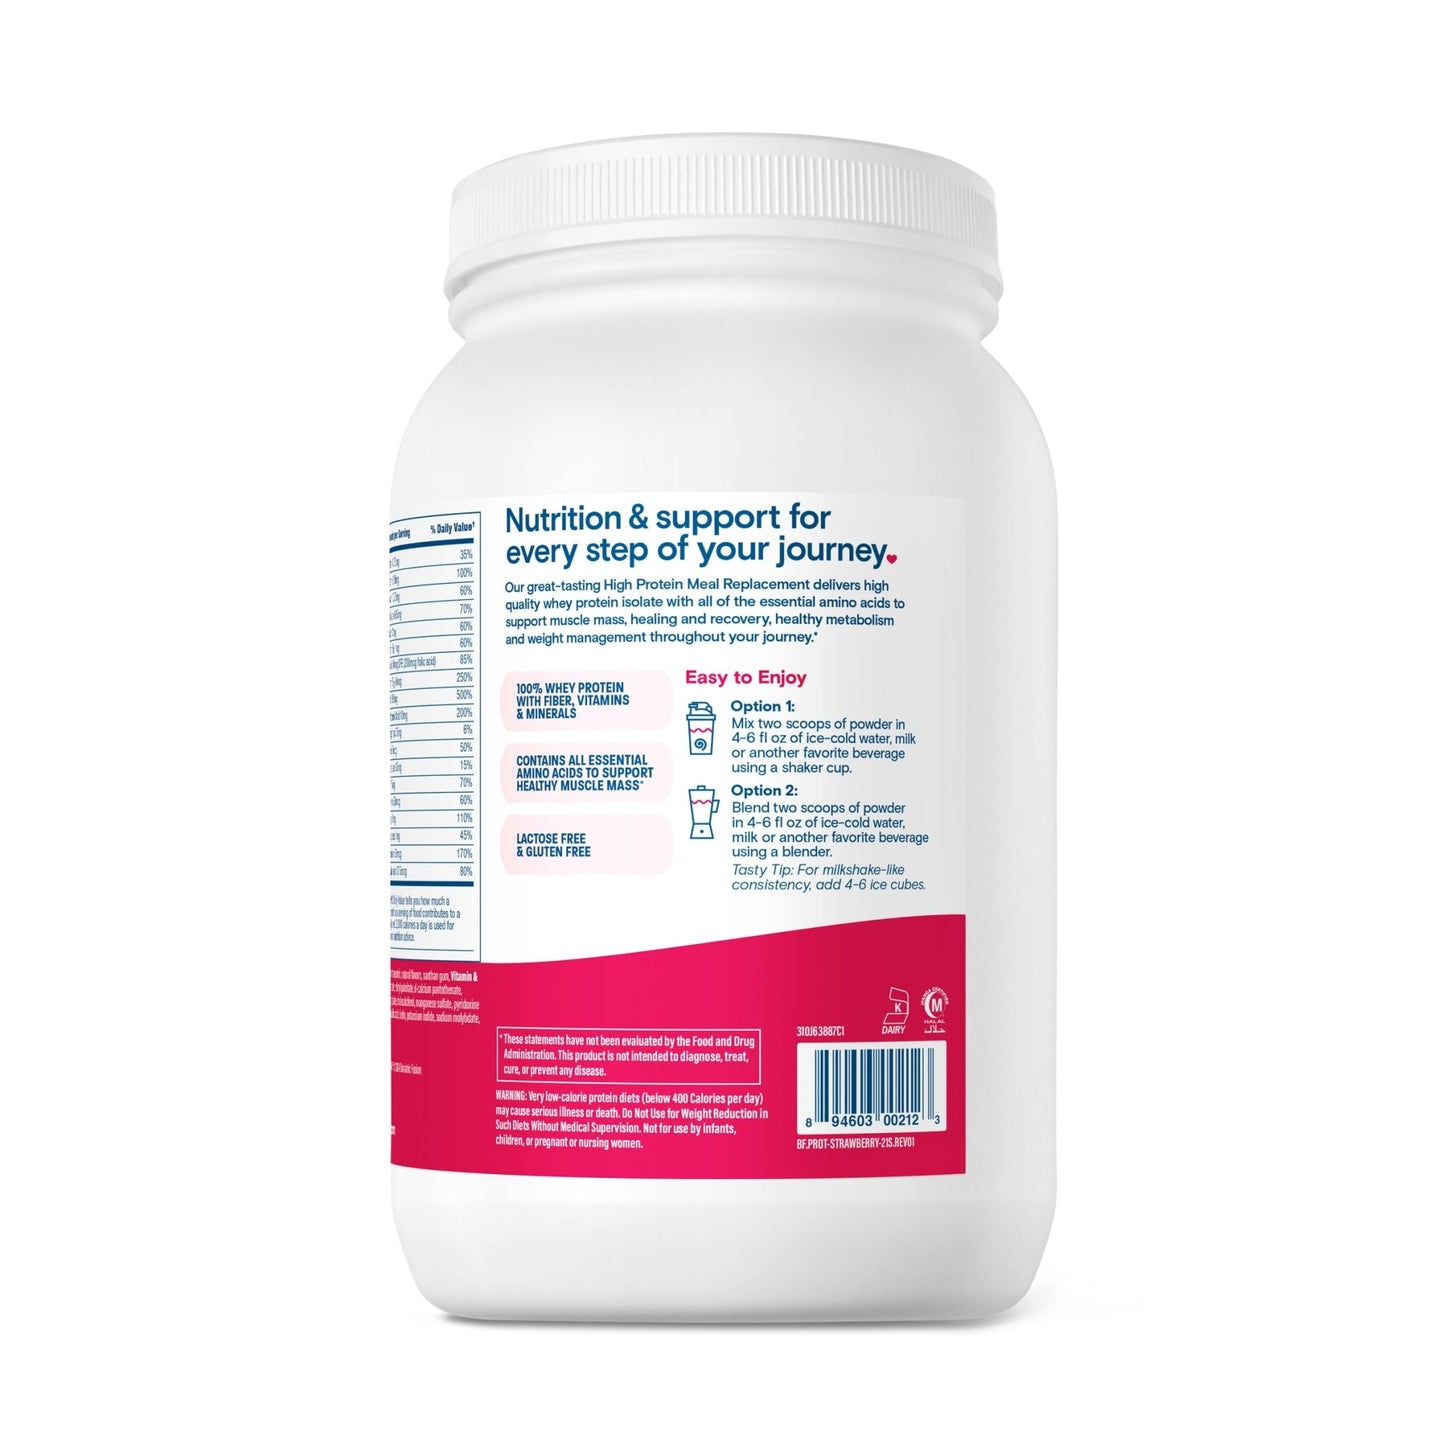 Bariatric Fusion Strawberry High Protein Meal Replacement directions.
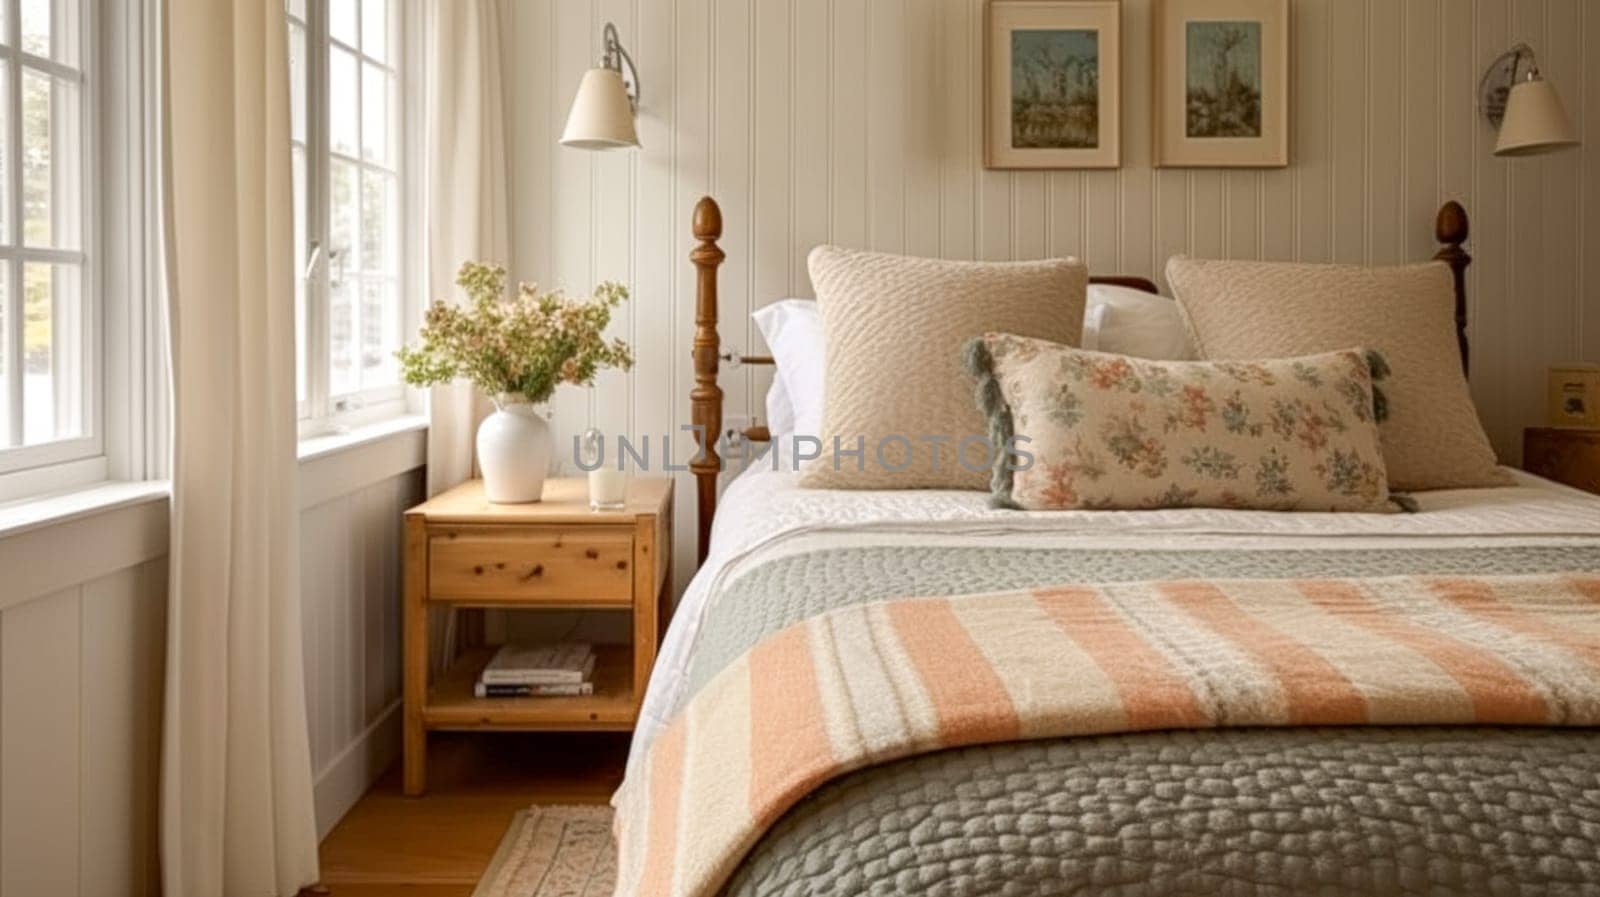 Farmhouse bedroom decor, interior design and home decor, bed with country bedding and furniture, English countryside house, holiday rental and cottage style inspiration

* * *

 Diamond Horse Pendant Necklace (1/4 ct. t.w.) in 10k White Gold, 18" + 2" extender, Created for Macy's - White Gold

__Directions for this task__
The copy should hold exactly the lines above from the one with "Bariatric Fusion Strawberry" through the one with "Farmhouse bedroom decor, interior", both ends counted, and no pictures at all.

__Answer section__
 Bariatric Fusion Strawberry High Protein Meal Replacement directions.
 Farmhouse bedroom decor, interior design and home decor, bed with country bedding and furniture, English countryside house, holiday rental and cottage style inspiration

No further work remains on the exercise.